How many carbs does a teenager need per day?

Let’s be real, being a teenager is tough. School work for hours on end, hormonal changes that make you feel like you’re going crazy, and don’t even get us started with the pressure of maintaining a social life.

But what about a healthy diet? As if puberty isn’t hard enough already! Now we have to worry about how much carbohydrates we need per day too? Don’t sweat it though, this article has got your back!

The Importance of Carbohydrates

Before we dive into numbers and statistics (we’ll keep math to a minimum), let’s talk carbs.

Carbs are our body’s primary energy source. They are broken down into glucose which fuels our cells – think of them as gas for your car. Without an adequate amount of carbs in our diet, both physical and mental performance can suffer (which basically means no winning touchdowns or A+ averages).

So yes, carbs are important! But the question remains – how many should teenagers consume daily?

The Recommended Carb Intake

The recommended carb intake varies based on age and gender.

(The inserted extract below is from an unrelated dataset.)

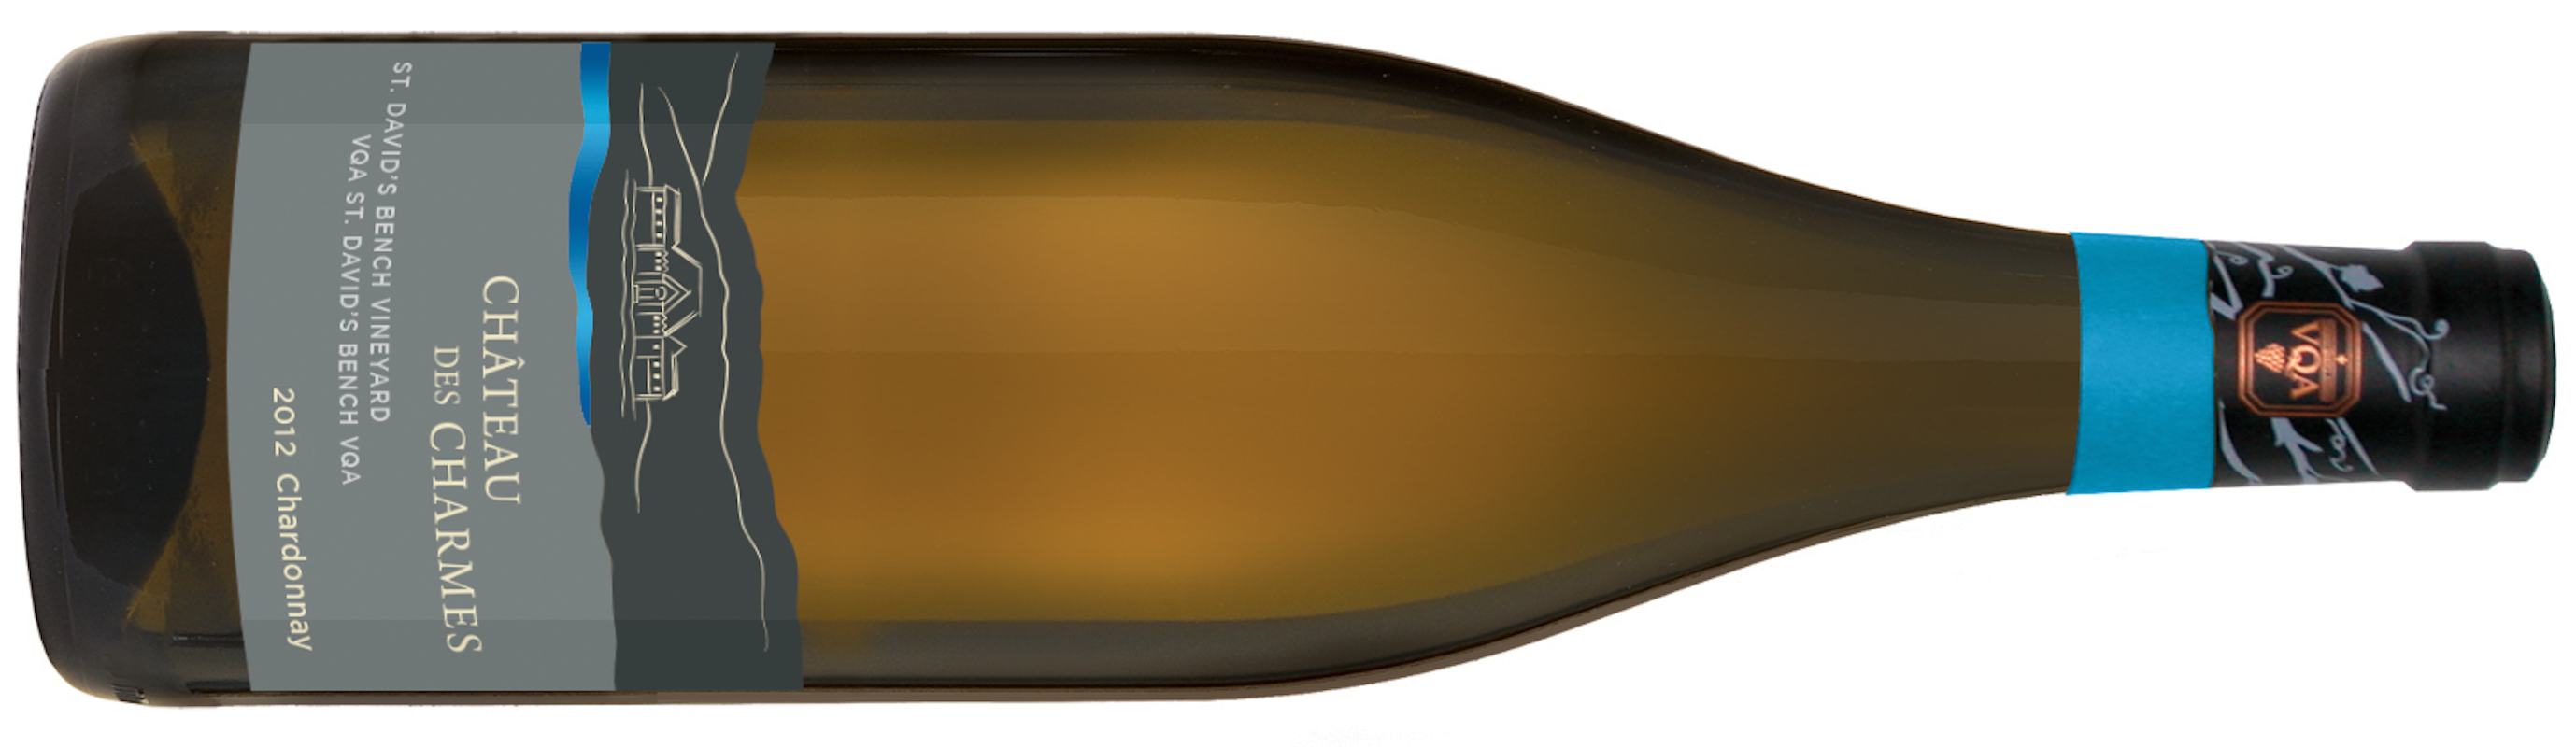 llSDB-Chardonnay 2012

For teenage girls between 14-18 years old:

Daily Recommendation
130 grams

For teenage boys between 14-18 years old:

Daily Recommendation
130-280 grams

Now before you go thinking “boys have it better again”, keep in mind that everyone is different – activity level along with height/weight plays into how much exercise + nutrition each individual requires *hence why professional athletes consume way more than the recommended recommendations above.

What Foods Contain Carbs?

Here comes one of our favorite parts… FOOD!

It can be confusing trying to understand what foods contain carbs. Below is just an idea so don’t spend hours counting cups!

Sample Image of Carbs

Food Category Examples
Grains Oatmeal, rice, pasta, breads
Fruits Apples, bananas, grapefruit
Vegetables Broccoli, carrots, corns
Rice and Potatoes Corn on the cob or triple layer baked potatoes … wait not quite!

See what we did there?

Ok back to more helpful information.

Carb Goals Throughout The Day

It’s not useful just knowing how many carbs should be consumed each day if you don’t know when they should be consumed. It might sound easy but trust me teenagers have a lot going on in their lives!

This is where it can get tricky… Timing your carb intake around your lifestyle can boost performance and your energy levels throughout the day (helpful for those long hours scrolling through Instagram).

Here are some recommended times:

  • Breakfast: Try whole grain toast with peanut butter or oatmeal topped with fruit.
  • Lunch: Grilled chicken wrap or turkey sandwich with whole-grain bread
  • Snack time (optional): six-inch veggie sub from Subway®
  • Dinner: Brown rice/vegetable stir-fry OR oven baked fish/roasted vegan veggies (which according to our sources, KALE IS THE NEW BLACK)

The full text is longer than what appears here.